Personal information
- Born: 27 August 1984 (age 41)
- Original team: Norwood (SANFL)
- Debut: Round 3, 2003, Melbourne vs. Western Bulldogs, at Telstra Dome
- Height: 198 cm (6 ft 6 in)
- Weight: 97 kg (214 lb)

Playing career^{1}
- Years: Club / Games (Goals)
- 2003–2006: Melbourne / 4 (0)
- ^{1} Playing statistics correct to the end of 2006.

= Nick Smith (footballer, born 1984) =

Australian rules footballer

Nicholas Smith (born 27 August 1984) is an Australian rules footballer with the Box Hill Hawks of the Victorian Football League (VFL). Previously, Smith played for the Melbourne Football Club in the Australian Football League (AFL).

Recruited from South Australian National Football League club Norwood in the 2002 AFL draft, Smith debuted in 2003 for Melbourne, playing three games for the season, but having little game time or impact.

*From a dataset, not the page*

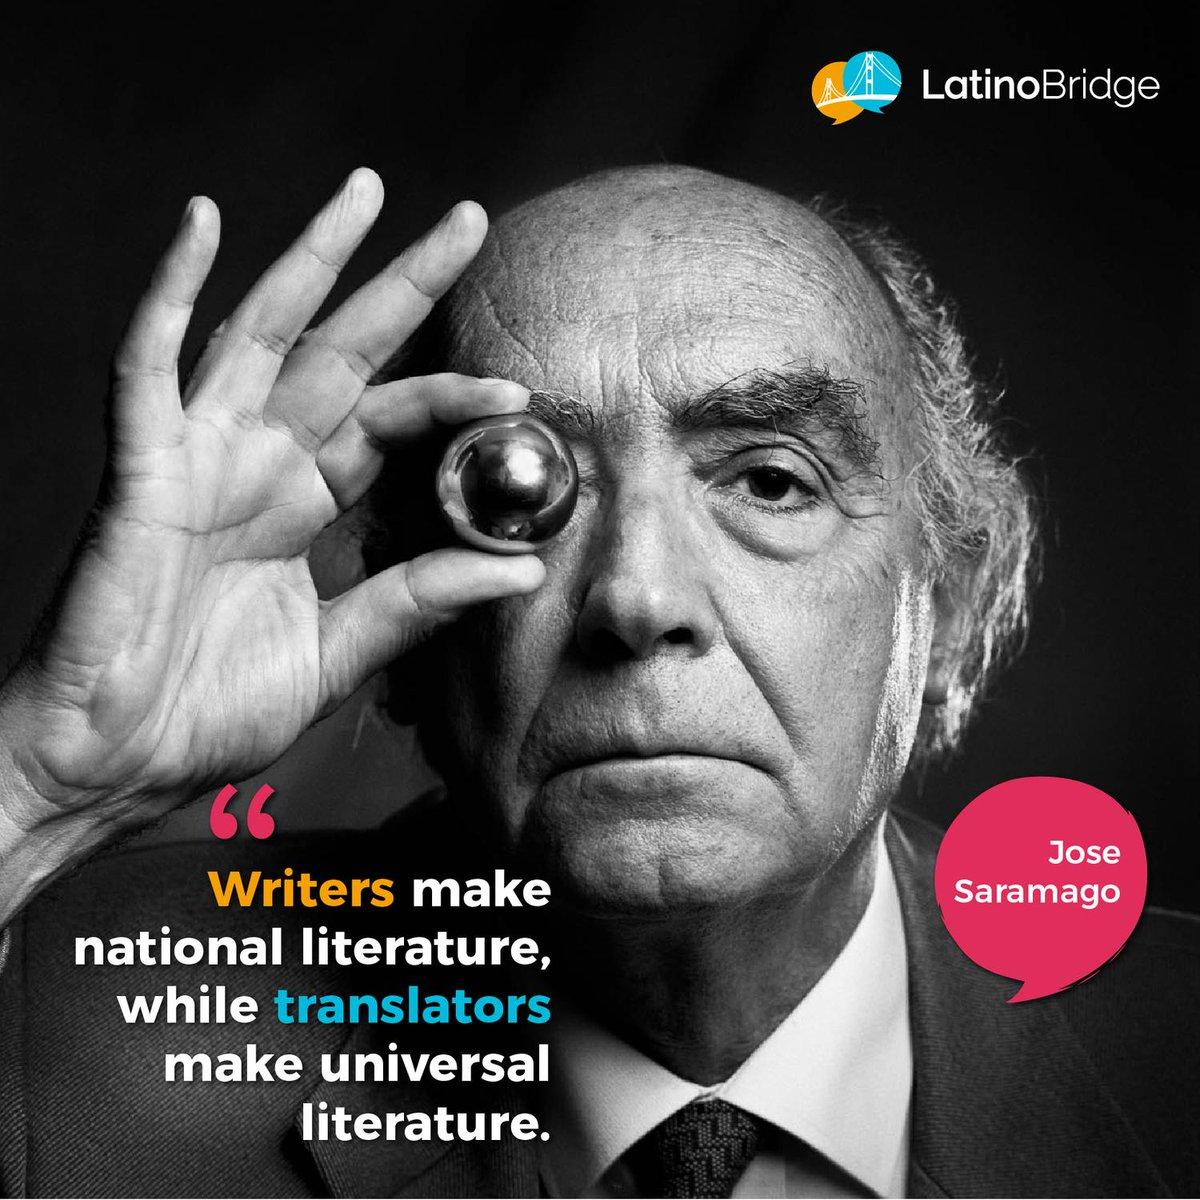 """Writers make national literature, while translators make universal literature""  Jose Saramago #l10n #i18n<br>http://pic.twitter.com/ZCAYJ0Z8I6"

In 2004 and 2005, Smith played with Melbourne's VFL-affiliate, Sandringham, suffered a knee injury in 2005 which ended his season prematurely.

Smith played in the VFL throughout 2006 but an injury to Melbourne's top ruckman Mark Jamar, Smith was suddenly recalled for the semi-final match against Fremantle Football Club. It was Smith's first AFL game in three years, but he could only manage three hitouts, as Melbourne were knocked out of the finals.

Smith was delisted by the Demons at the end of the 2006 season.